Does anyone know of a library that exposes something similar to Linux futexes, using something like _umtx_op

dgeo: still having issues?

dgeo: from my scaleway vm I have no trouble, so its probably your ISP

dch: yes

can you share output of `drill www.freebsd.org` , `traceroute www.freebsd.org` & `curl -4vsSLo /dev/null freebsd.org` ?

just in case its geodns in freebsd cluster behaving badly

;; ANSWER SECTION:

www.freebsd.org. 10 IN CNAME web.geo.freebsd.org.
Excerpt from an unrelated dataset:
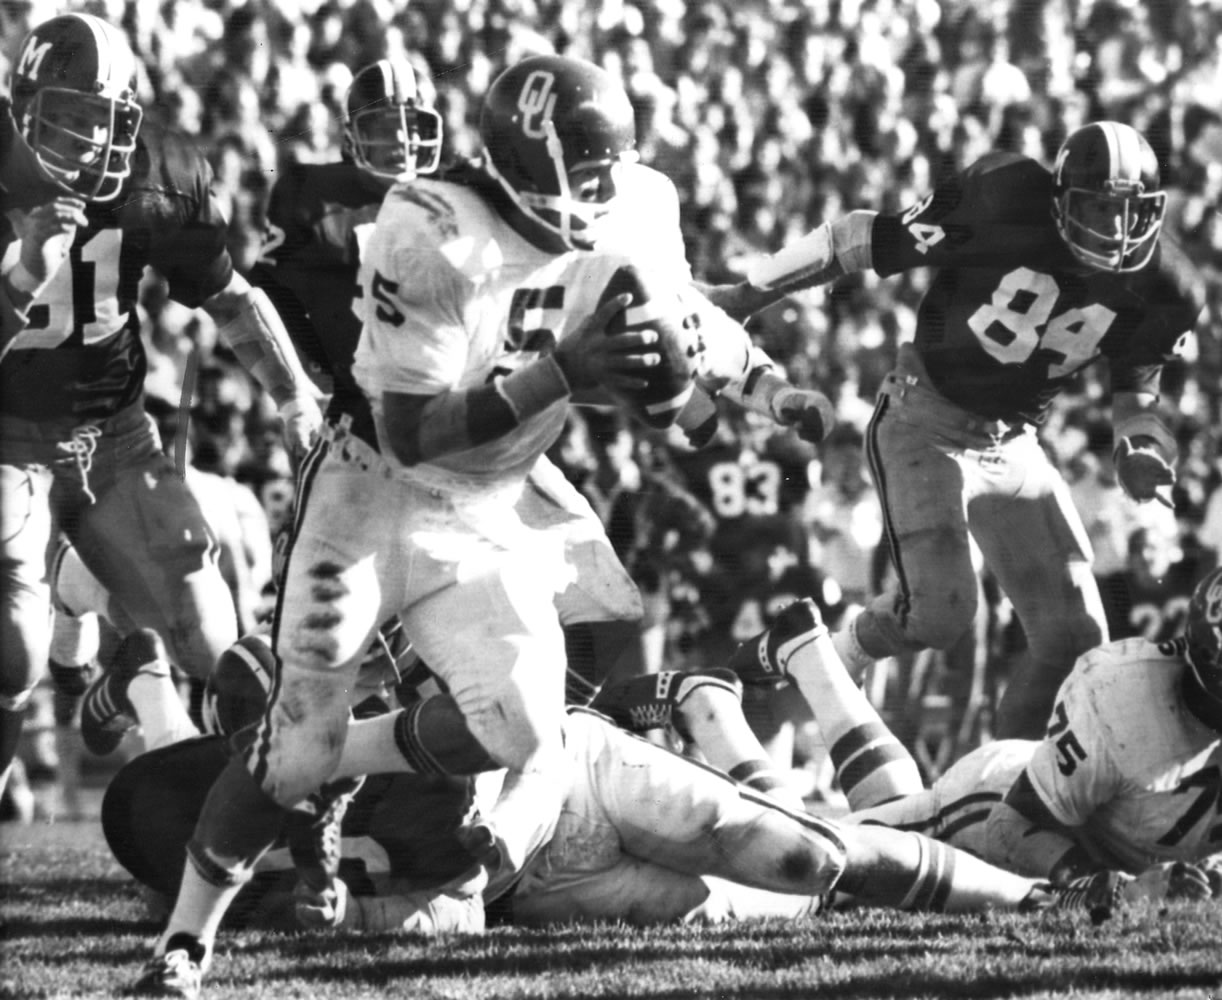 University of Oklahoma quarterback Steven Davis (5) sweeps for a 15-yard gain against Missouri in 1975 in Columbia, Mo.

web.geo.freebsd.org. 150 IN A 96.47.72.77

1. (waiting for reply)

2. 147.94.19.209 7.1% 14 0.1 0.1 0.1 0.3 0.1

3. 193.51.105.249 0.0% 14 0.4 0.4 0.2 0.5 0.1

4. 10.4.61.11 0.0% 14 1.0 0.9 0.7 1.3 0.2

5. 193.55.205.167 0.0% 14 26.5 2.7 0.4 26.5 6.9

6. 193.55.205.166 0.0% 14 1.1 1.3 0.9 3.5 0.7

7. 193.55.205.0 0.0% 14 3.4 1.8 0.8 5.4 1.3

8. 193.51.180.128 0.0% 14 4.9 5.2 4.9 5.4 0.2

9. 77.95.71.77 0.0% 14 9.3 10.2 9.3 19.4 2.7

10. 64.125.29.94 0.0% 14 91.8 91.9 91.8 92.2 0.1

11. 208.184.34.238 0.0% 14 88.1 88.0 88.0 88.4 0.1

12. 96.47.77.210 0.0% 14 88.3 89.0 88.2 98.9 2.8

13. 96.47.66.42 0.0% 14 88.4 88.4 88.0 89.8 0.5

14. (waiting for reply)

dgeo% curl -4vsSLo /dev/null freebsd.org 1

* Host www.freebsd.org:443 was resolved. 1

* IPv6: (none) 1

* IPv4: 96.47.72.77 1

* Trying 96.47.72.77:443... 1

* connect to 96.47.72.77 port 443 from 147.94.19.169 port 49516 failed: Operation timed out 1

* Failed to connect to www.freebsd.org port 443 after 75067 ms: Could not connect to server

* closing connection #0

curl: (28) Failed to connect to www.freebsd.org port 443 after 75067 ms: Could not connect to server

other people using the same isp (RENATER / AS2200) have the same problem, other ISPs behave differently

please use some pastebin next time

RENATER's support saw the traceroute and told me the problem must be on server side (in fact, I can ping 96.47.72.76 and 96.47.72.79 but not 96.47.72.77)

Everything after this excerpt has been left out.